Determine the maximum
height h in ft to which it can be filled
with water if a factor of safety
of 4.0 is desired.
13.8
13.2
14.4
12.4
When the tank is filled to capacity, determine the maximum
normal stress in the cylindrical wall.
109.36
82.02
27.34
54.68
When the tank is filled to capacity, determine the maximum
shearing stress in the cylindrical wall.
54.68
109.36
82.02
27.34
At the tank bottom, $p=\gamma h$ and the controlling hoop stress is $\sigma_h=pD/(2t)$. With allowable stress $414/4=103.5$ MPa, solving for $h$ gives $h=13.8$ ft. At capacity the maximum normal (hoop) stress is $109.36$ MPa; the maximum in-plane shear is half the difference of the principal membrane stresses, $54.68$ MPa. Therefore: 13.8 ft, 109.36 MPa, and 54.68 MPa.

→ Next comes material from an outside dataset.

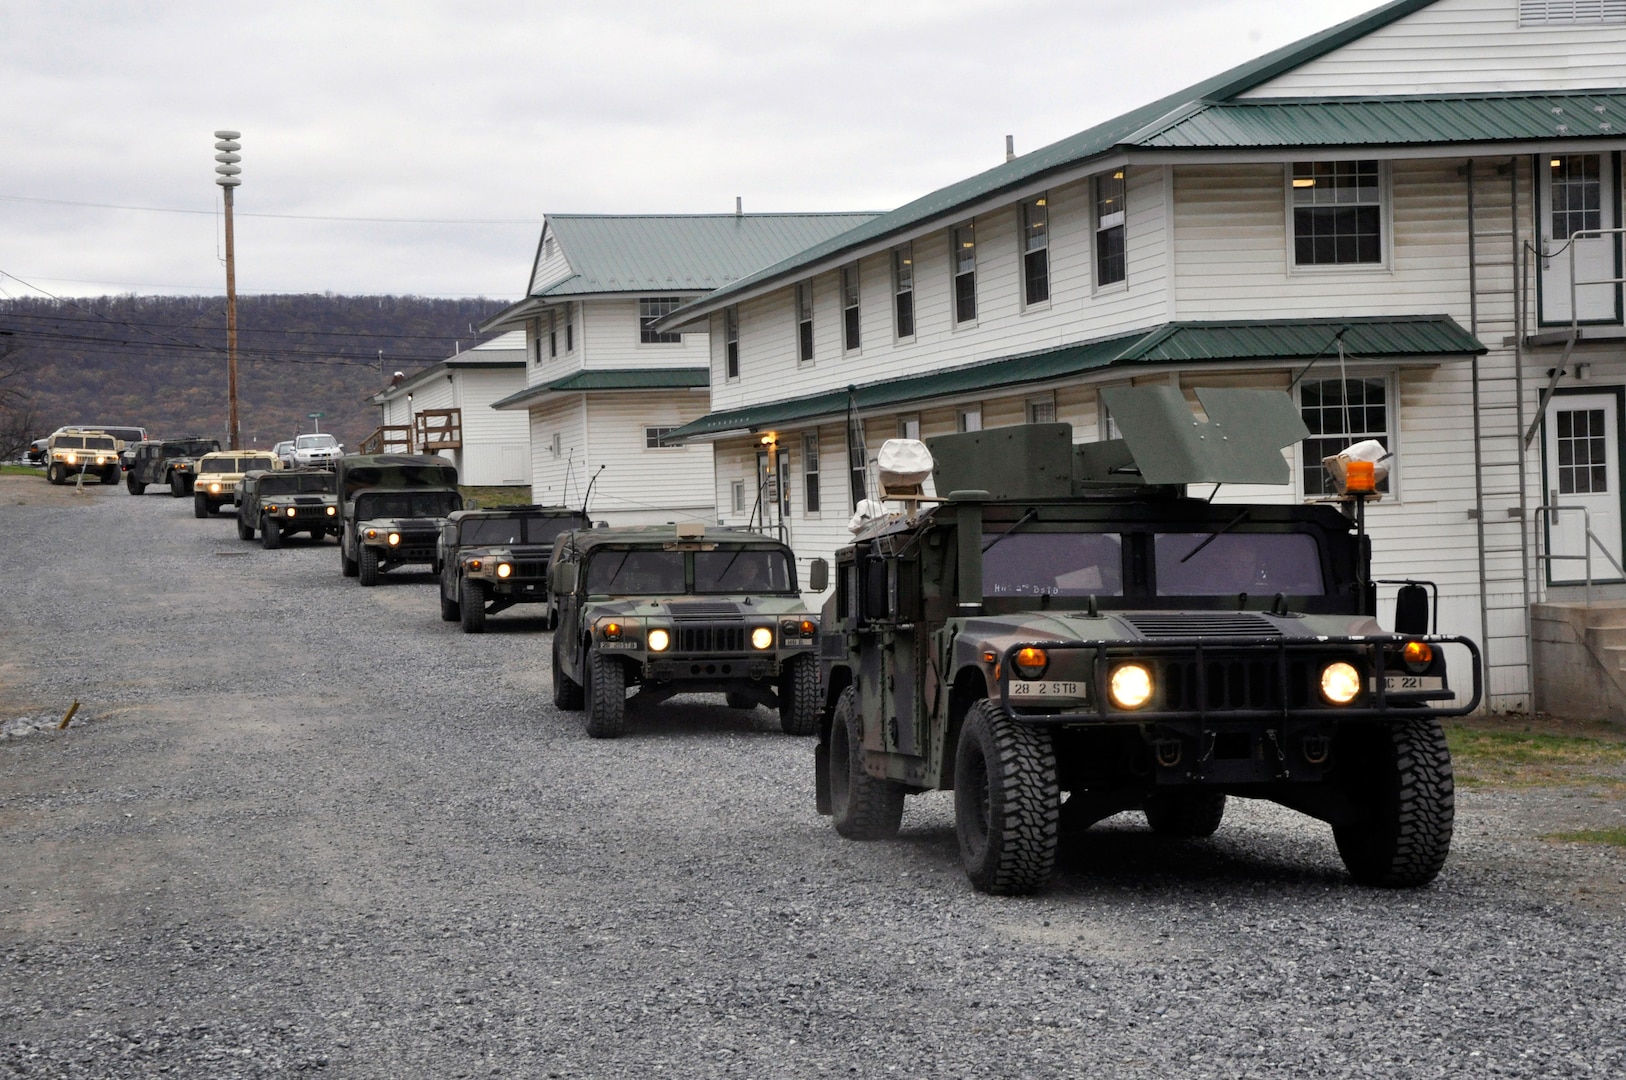 U.S. soldiers with the 28th Military Police Company, Pennsylvania Army National Guard, prepare to depart from Fort Indiantown Gap, Pa., Nov. 4, 2012, to support Hurricane Sandy relief efforts in the New York City area.

An open-ended thin-walled cylinder is subjected to an
internal pressure, ρ and an axial force, F. The resulting tensile
stresses are in the Mohr’s Circle shown. The
cylinder has a diameter of 500 mm and thickness of 3 mm.
Determine the internal pressure in MPa.
0.12
0.36
1.08
0.48
What is the axial force?
518
141
283
424
Find the maximum shear stress.
50
60
30
40
Read the two principal normal stresses from the given Mohr circle. The hoop stress is related to pressure by $\sigma_h=pD/(2t)$, and the axial stress is $\sigma_a=F/(\pi Dt)$. Substitution of $D=500$ mm and $t=3$ mm gives $p=0.12$ MPa and $F=518$ kN. The Mohr-circle radius gives $\tau_{max}=50$ MPa. Therefore: 0.12 MPa, 518 kN, and 50 MPa.